EXERCISE DETAILS. Please return the listing below word for word, minus its pictures.

GIVEN DATA.
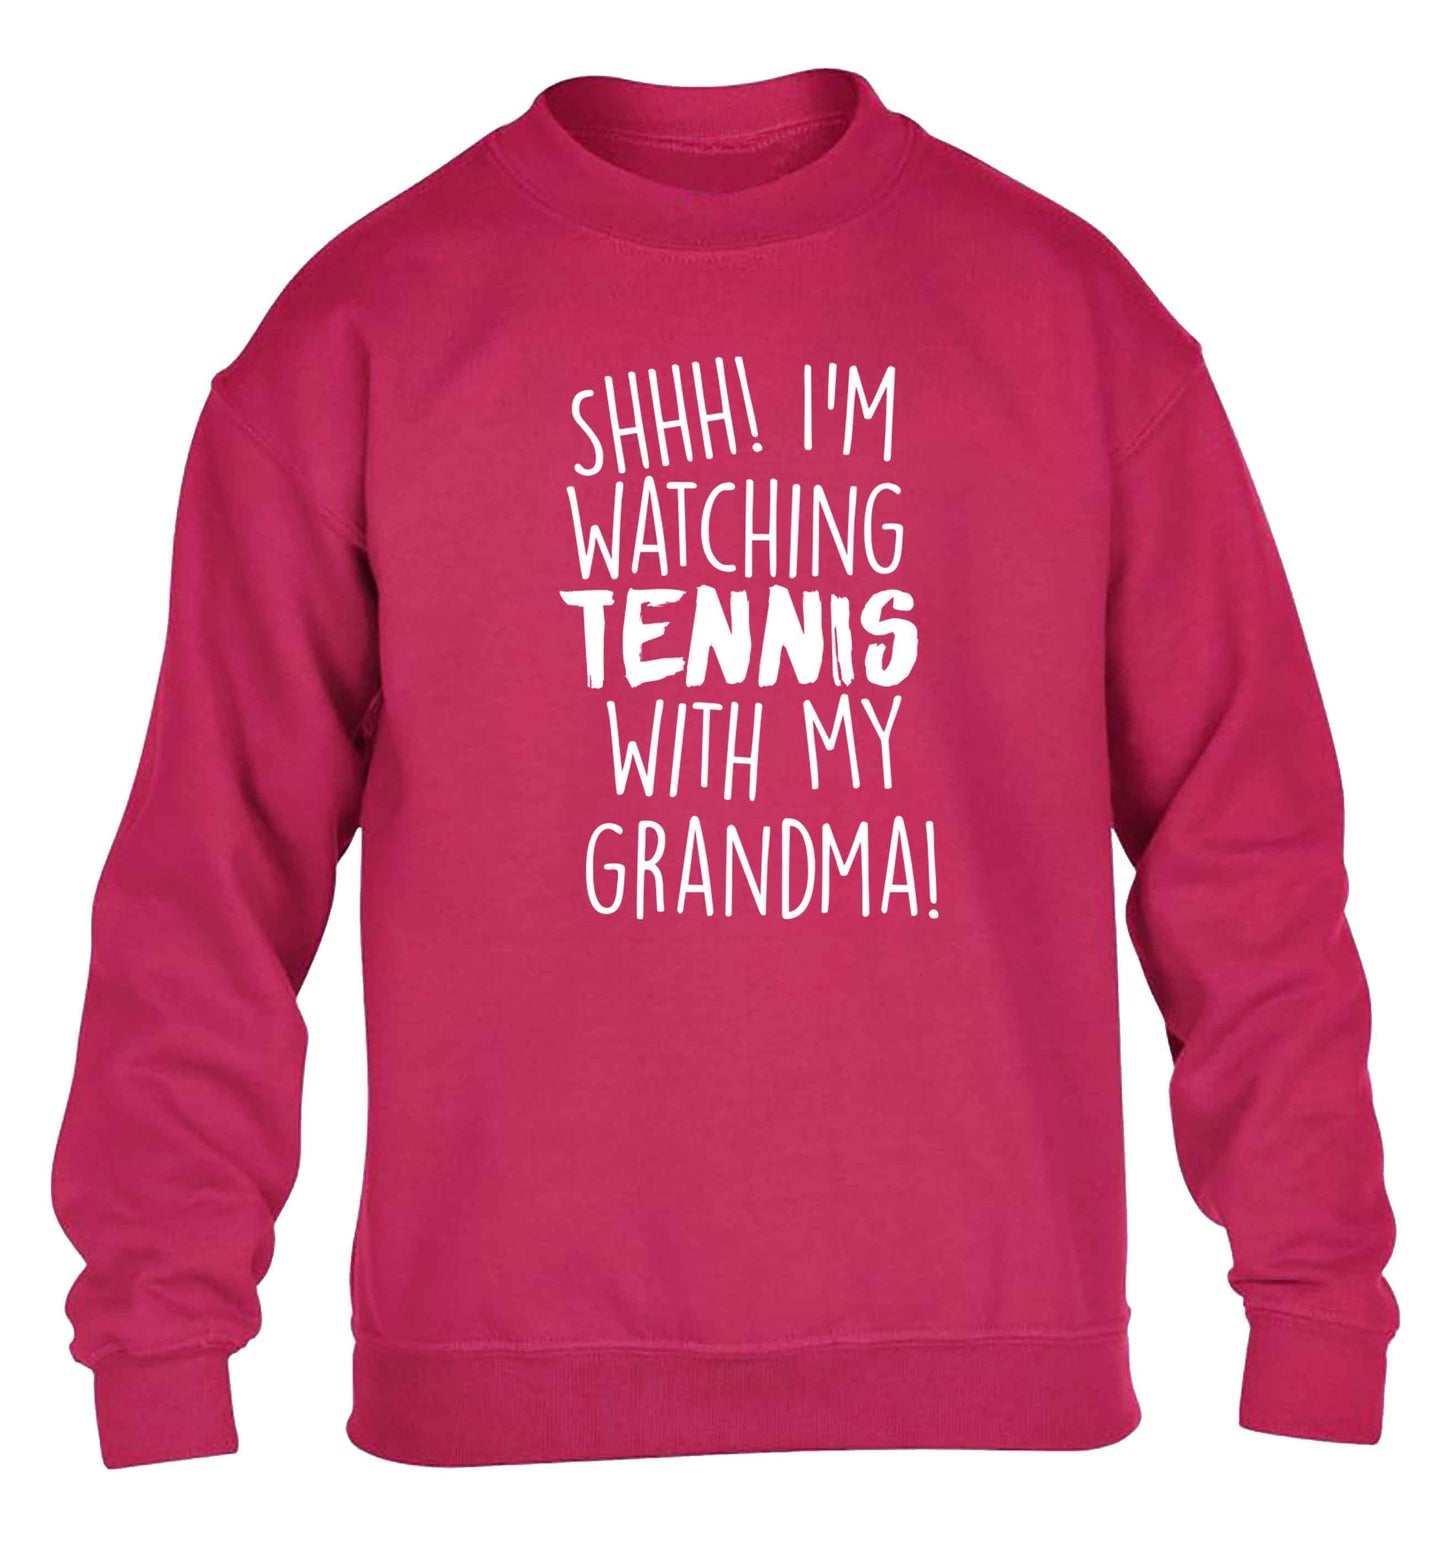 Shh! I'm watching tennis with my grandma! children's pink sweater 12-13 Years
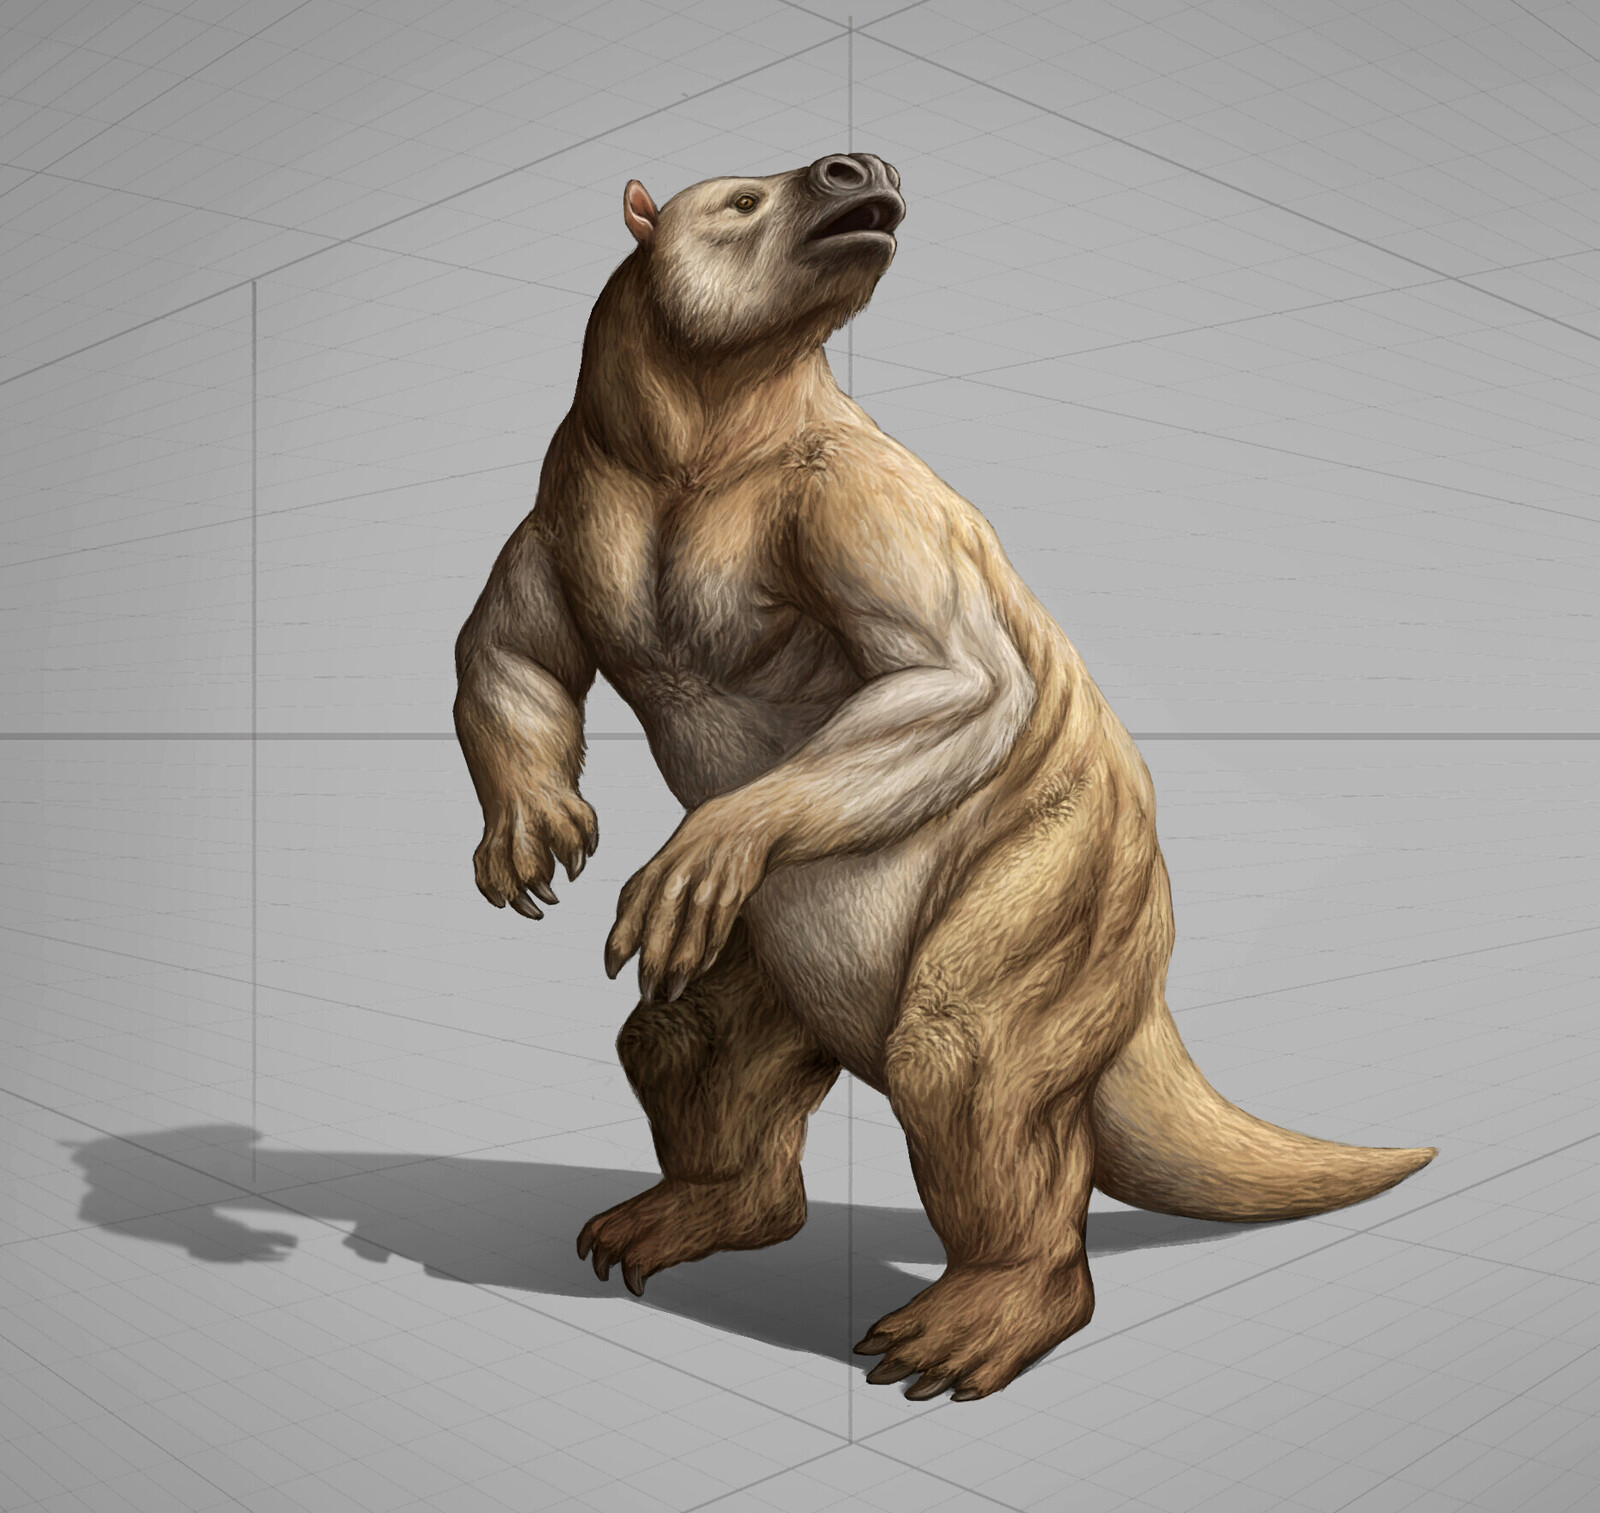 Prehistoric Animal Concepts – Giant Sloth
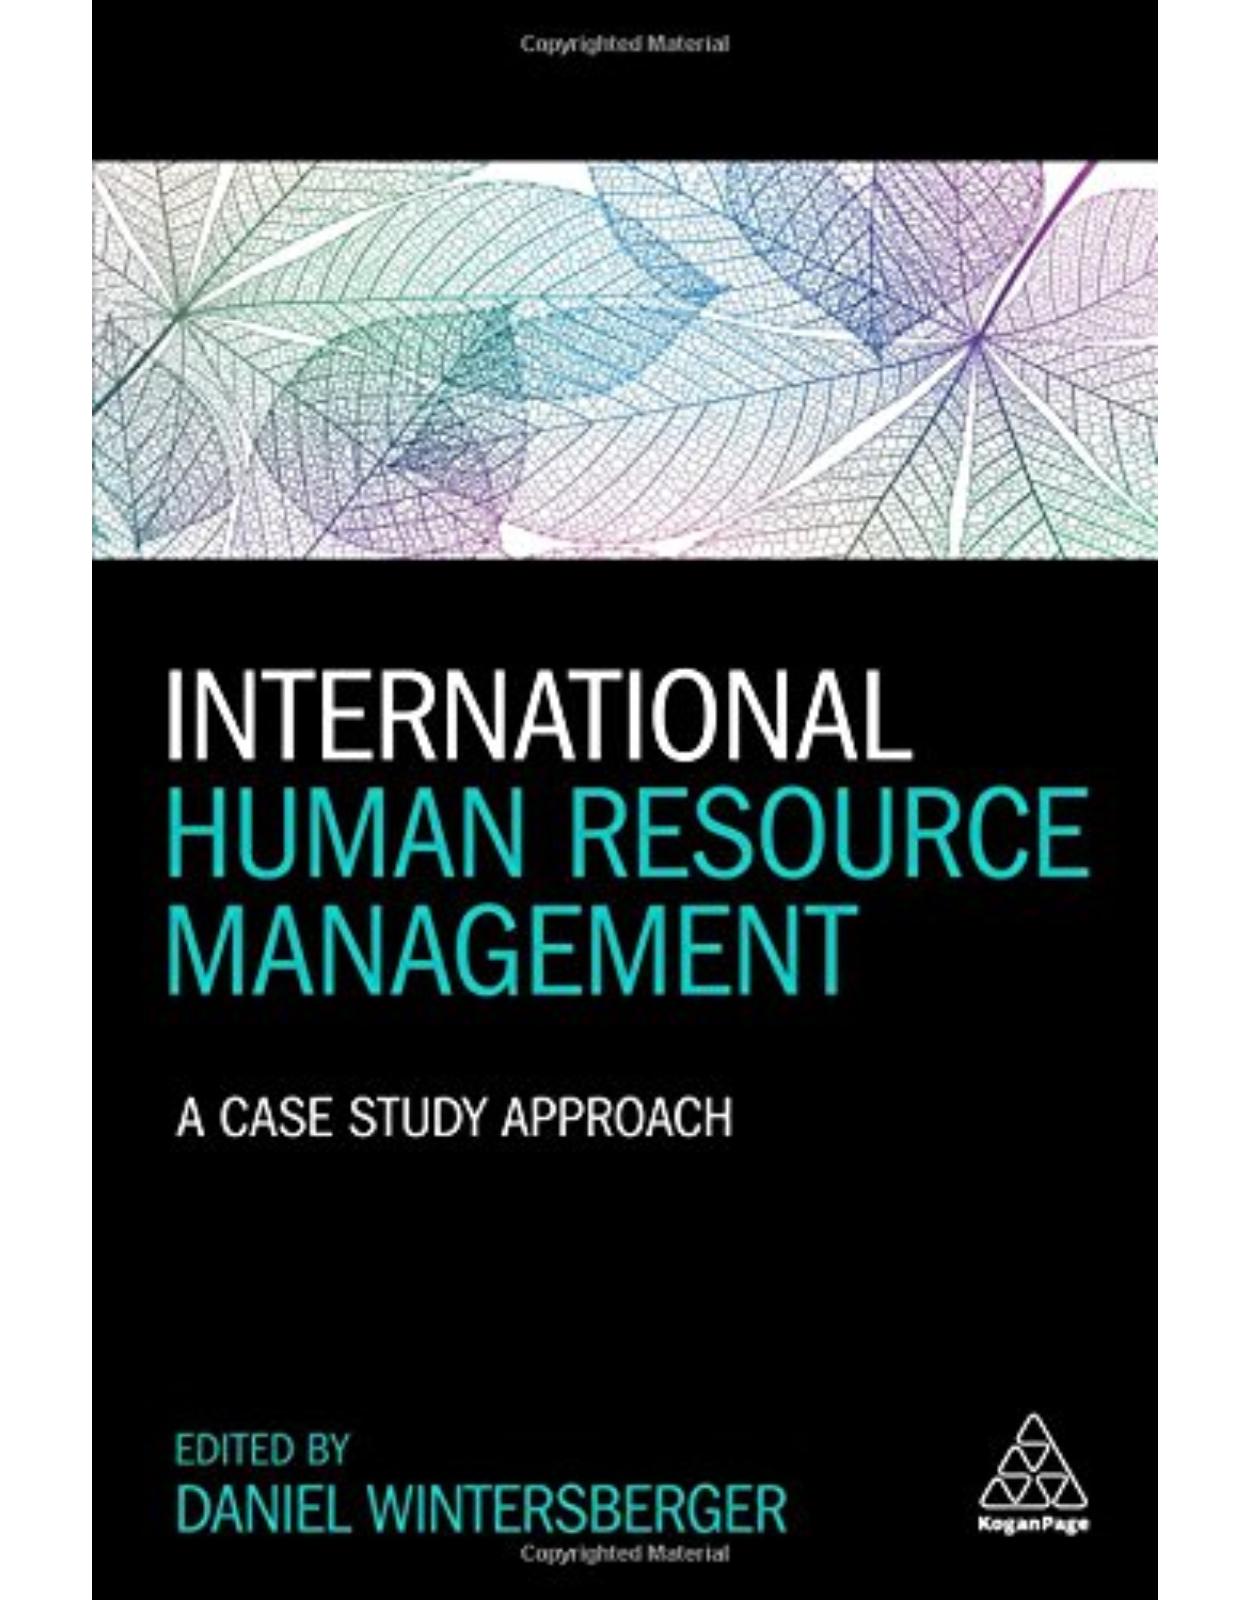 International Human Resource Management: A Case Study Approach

ANSWER AREA.
 Shh! I'm watching tennis with my grandma! children's pink sweater 12-13 Years
 Prehistoric Animal Concepts – Giant Sloth
 International Human Resource Management: A Case Study Approach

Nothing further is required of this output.